Feel free to take whatever you want from a6k. Feel free to ask questions. Maybe I'll refind some motivation :)

One other thing that did come out of this small experience was an even greater respect for anyone that runs an OSS project.
To anyone that reads this... please be nice to the maintainers!!

from bedrockframework.

AndyPook avatar AndyPook commented on May 25, 2024 2

I managed to get Fetch to work!!!
The doc lies!! (at least there's plenty of room for interpretation).

RecordSet is tricky. It contains arrays but some of them has no count prefix. You just keep reading until you've consumed the specified number of bytes.
Some things are varint, some are signed-varint.
This was made super hard due to WireShark also not understanding the Fetch response. Just says "Malformed Packet" 😬

Plenty more to do here: compression; crc checking (this one uses crc32, not crc32c used elsewhere).
This only works with a single broker, against a topic with a single partition (or where you can guarantee all the lead replicas are on that broker).

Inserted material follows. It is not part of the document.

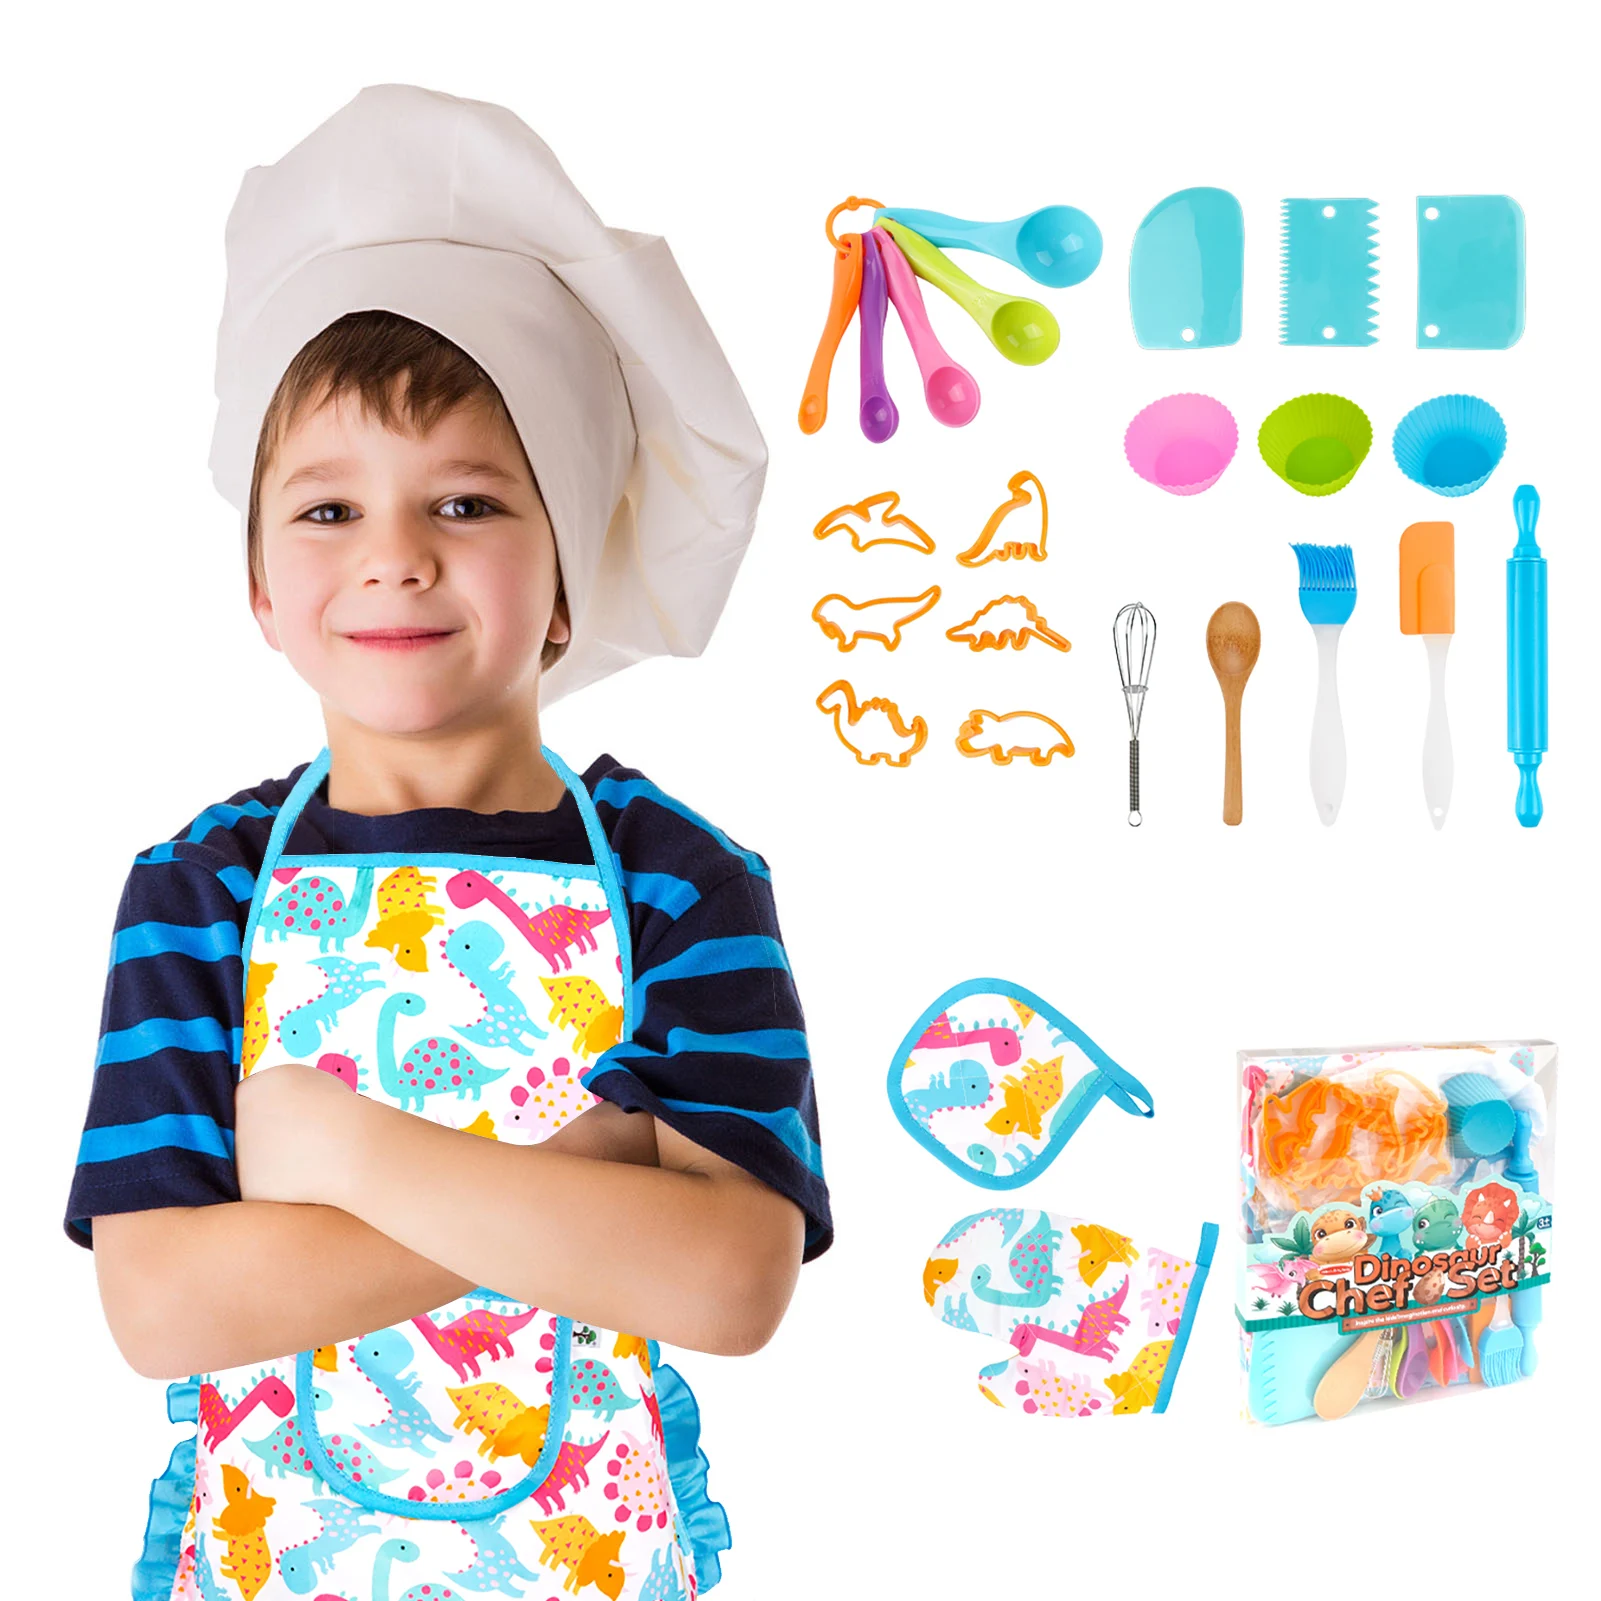 Dress up Chef Role Play Toys for Toddlers Girls 3 Years Jellydog Toy Kids Cooking Set for Girls,26 Pcs Kids Apron Costume Cooking Baking Set

Next step is using cluster metadata (=> multiple connections) and using JoinGroup properly. Which leads to the same kind of pre-fetching, internal queue malarkey that librdkafka has.

btw: "toppar" (seen all over librdkafka) means topic-partition tuple thing. Used as a key to queues and some internal housekeeping.

Anyway... getting Fetch to work feels like success 😀

from bedrockframework.

davidfowl avatar davidfowl commented on May 25, 2024 1

Wonderful! I'm looking forward to that contribution!

As a followup, would Bedrock.Framework.Experimental be a good place to try novel approaches to common issues in this space?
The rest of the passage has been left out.